Woman Dives In The Ocean With Octopus Attached To Her Leg

Caters_NewsPublished: June 27, 2018902 views
Published: June 27, 2018

They are known for being quite the masters of disguise, with their skin having the ability to mimic the colors and textures of the surroundings. But other than being able to quickly change color and shape, octopuses have another thing we really like about them - they are incredibly curious!

Katherine Harmon Courage, a journalist and contributing editor for Scientific American, went on a journey to Greece, Italy and New York City that she summarized in her book “Octopus! The Most Mysterious Creature in the Sea”. In an interview with the National Geographic, she says that she proved Aristotle’s saying “the octopus is a stupid creature” to be quite the opposite. “They have been shown to be able to solve mazes. They appear to be very curious when they encounter new objects. They explore them very thoroughly. That's why we can get them to do cool things like open bottles. All without instruction.”

In this particular clip, one mollusk didn’t quite solve a puzzle or guess the final result to a soccer match, but he did prove to be quite curious about another creature that didn’t quite belong in the ocean. During an underwater filming session in Oahu, Hawaii, one diver got to be accompanied by one very curious octopus!

Jess Grubb found her right leg to be a few pounds heavier during her freedive, because an octopus decided to cling onto her leg for the ride. The 29-year-old was recorded by Shane Brown, a 26-year-old videographer who first spotted the octopus swimming close to Jess. He had hoped that he will capture footage of the two swimming in tandem, but he did not expect to see this!
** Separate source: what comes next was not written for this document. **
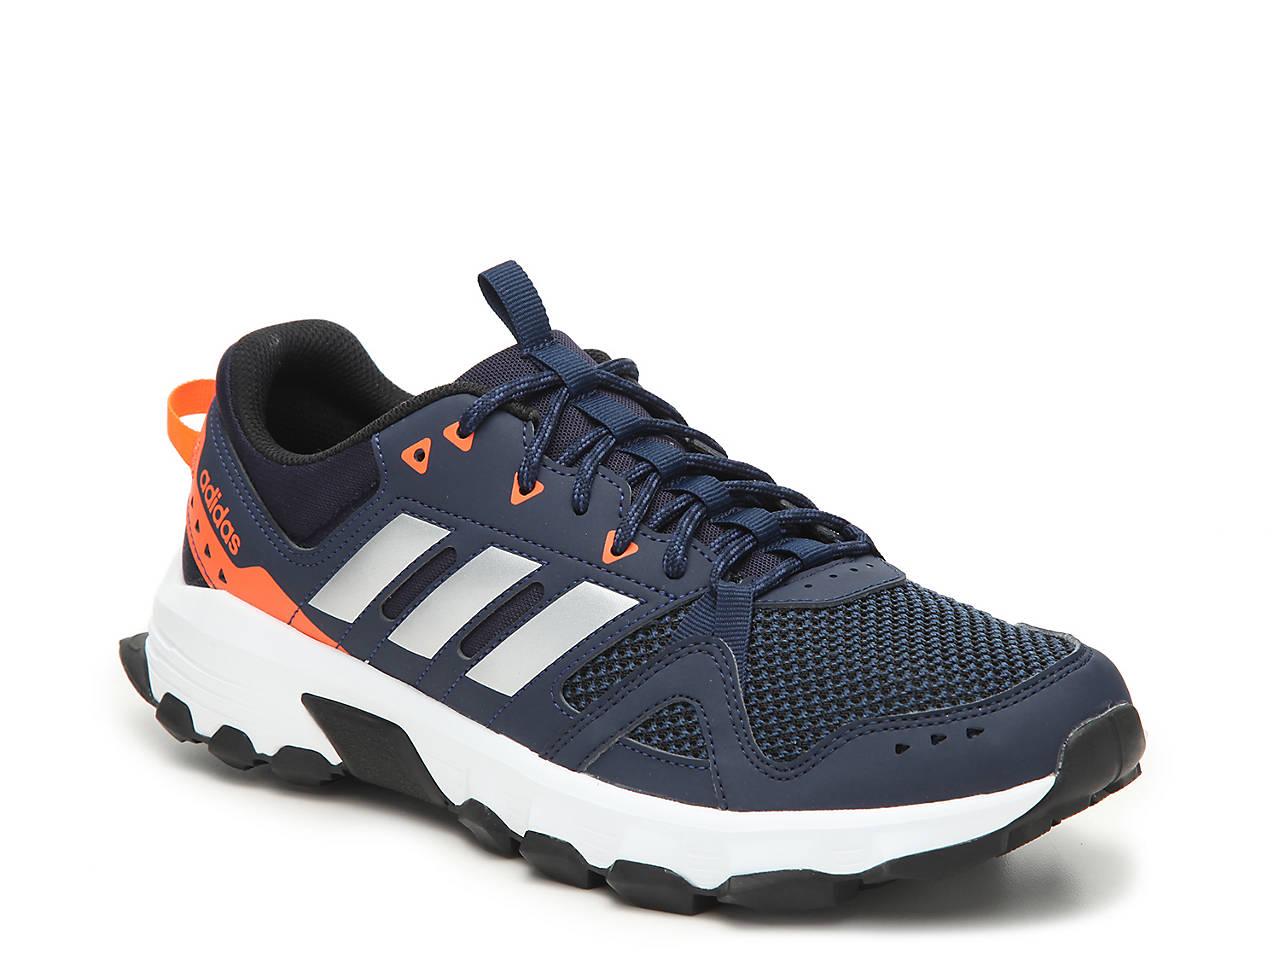 d4deec861 adidas Rockadia Trail Running Shoe - Men s Men s Shoes
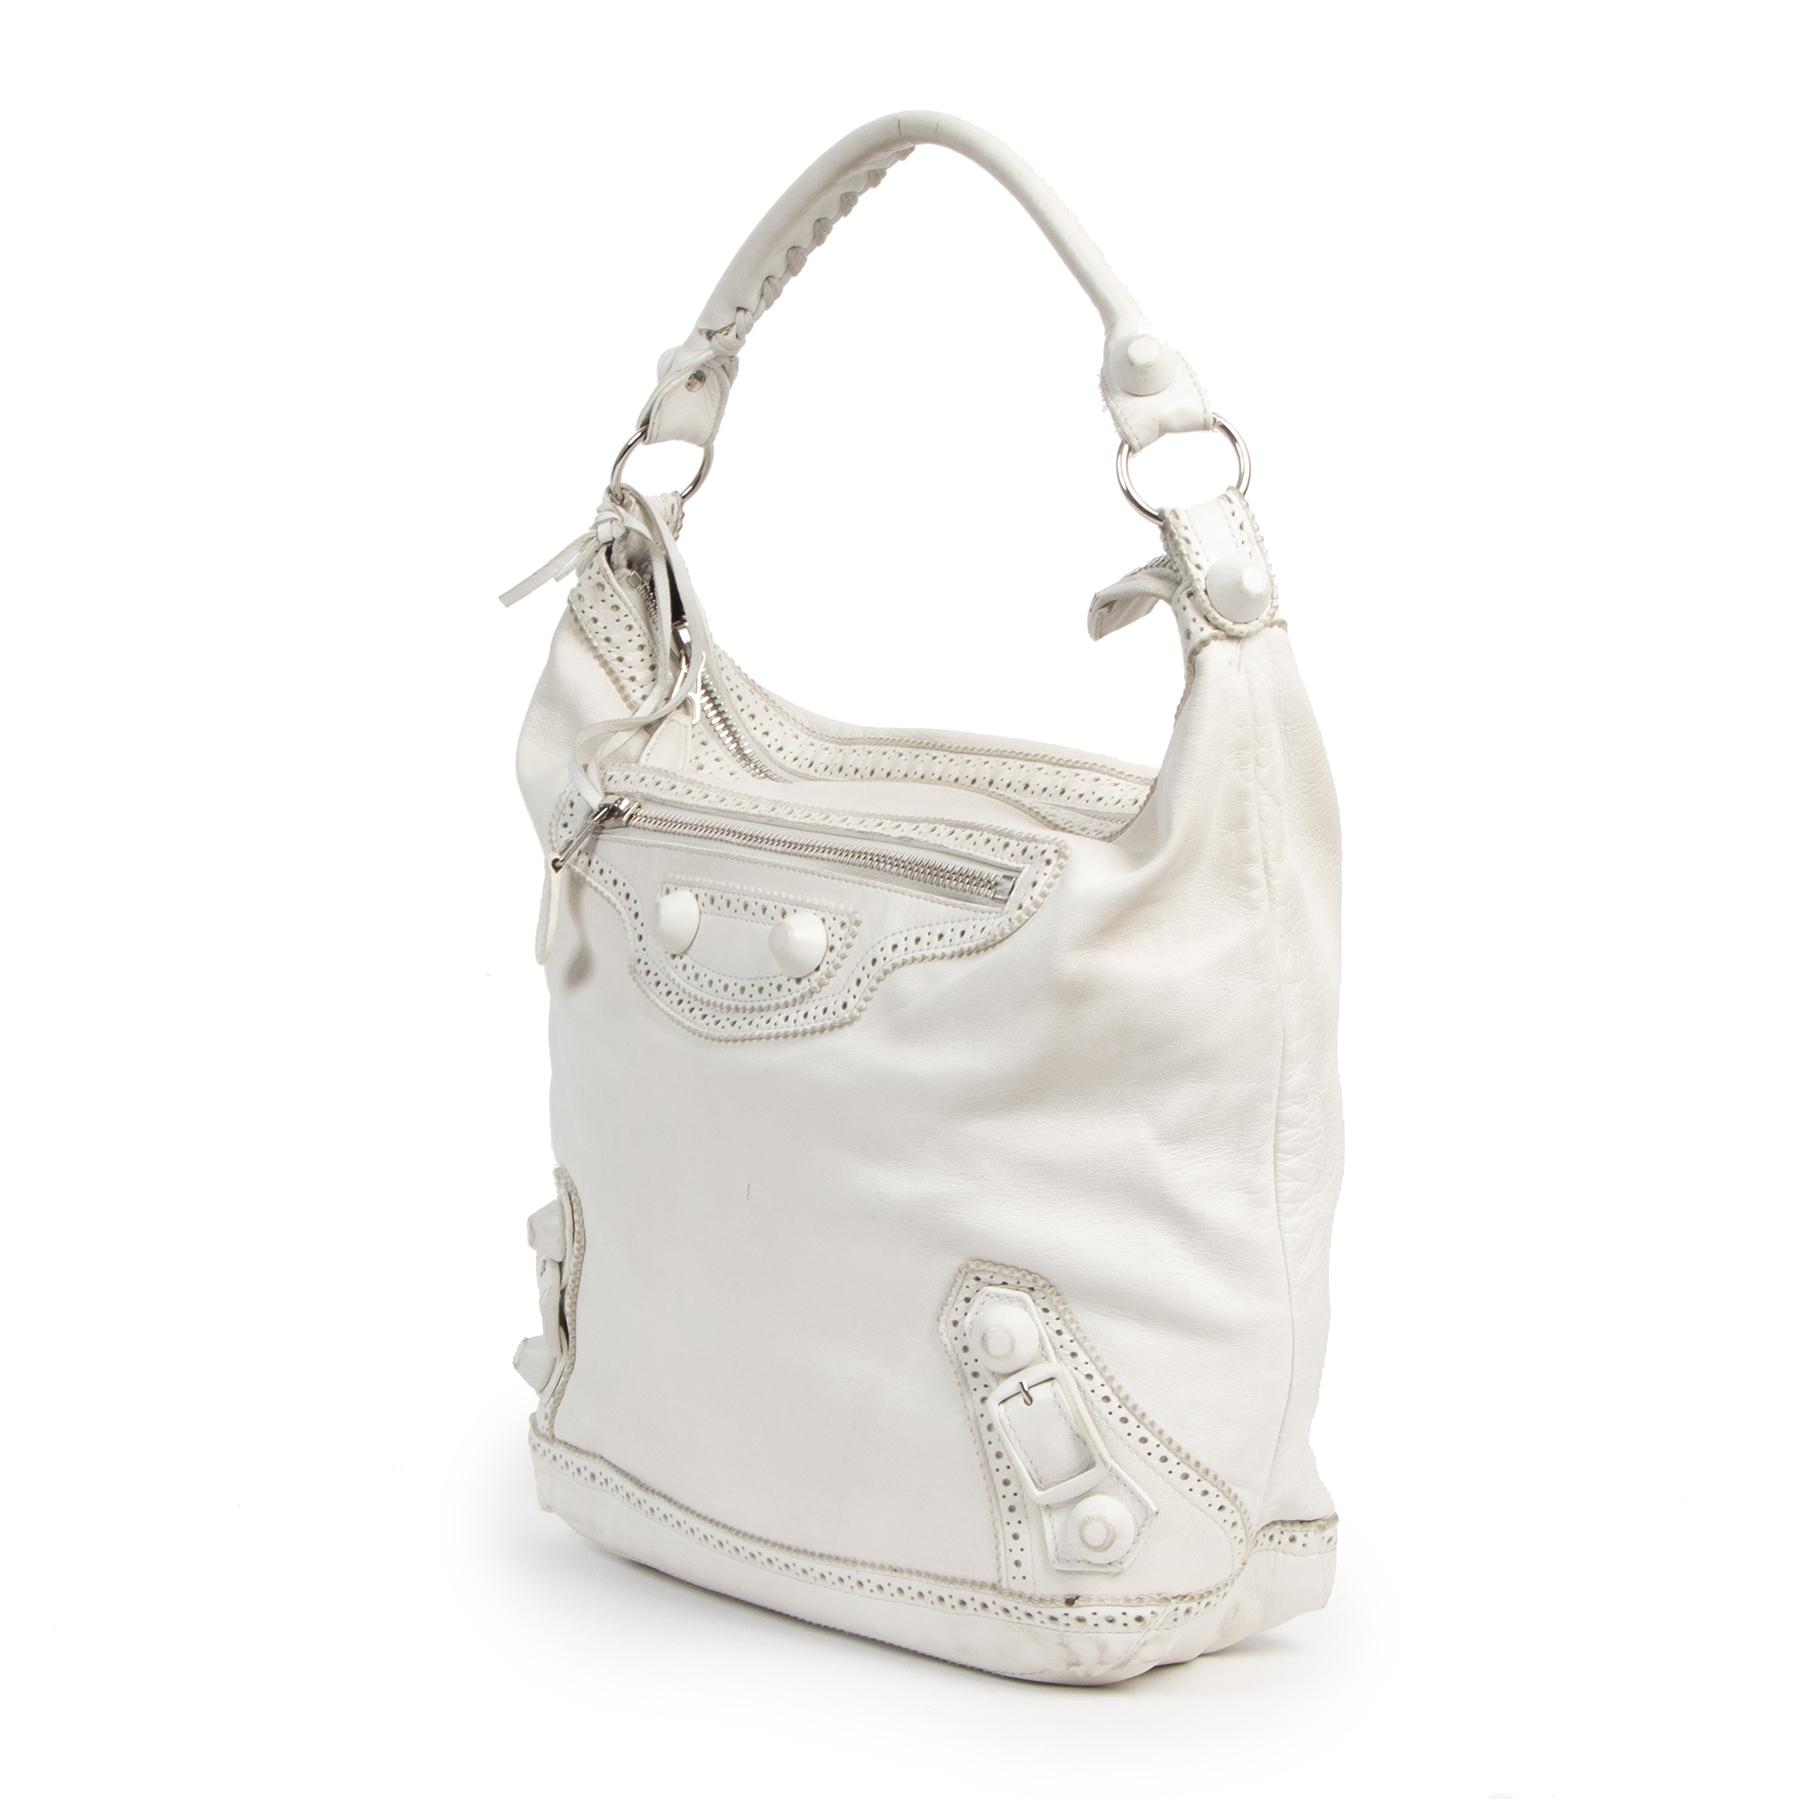 Authentic Secondhand Balenciaga White Giant Day Bag juiste prijs veilig online shoppen luxe merken webshop winkelen Antwerpen België mode fashion

As Shane ‘shepharded’ the creature towards Jess, its curiosity took over and the octopus latched itself tightly onto Jess’s hip, making the entire scene look incredibly like the opening sequence of the appropriately named James Bond film ‘Octopussy’. Amazed by the footage he captured on May 20, the full-time photographer said: “People always freak out at first [when an octopus touches them]. You can feel all these little suction cups grabbing onto you – it feels like a weird massage.

“The whole encounter lasted about 30 minutes. We knew the octopus would get very tired from this experience – it was very important to put it back into a safe part of the reef where it could hide and rest. It was an amazing experience.”

In case you are curious as to how well octopuses can disguise themselves, just check out this following clip. Shot in December of 2016 in Mozambique, the footage features an octopus swimming into the blue with diver tagging along and following his every move. Moments later, the octopus rests on the bottom of the ocean and immediately camouflages, changing its color and texture in order to blend into the environment.

Watch as the octopus swims in the depths of the ocean and resembles a badminton birdie flying across the field. This octopus was filmed off the coast of Mozambique on a reef called Doodles at approximately 65 feet. Incredible!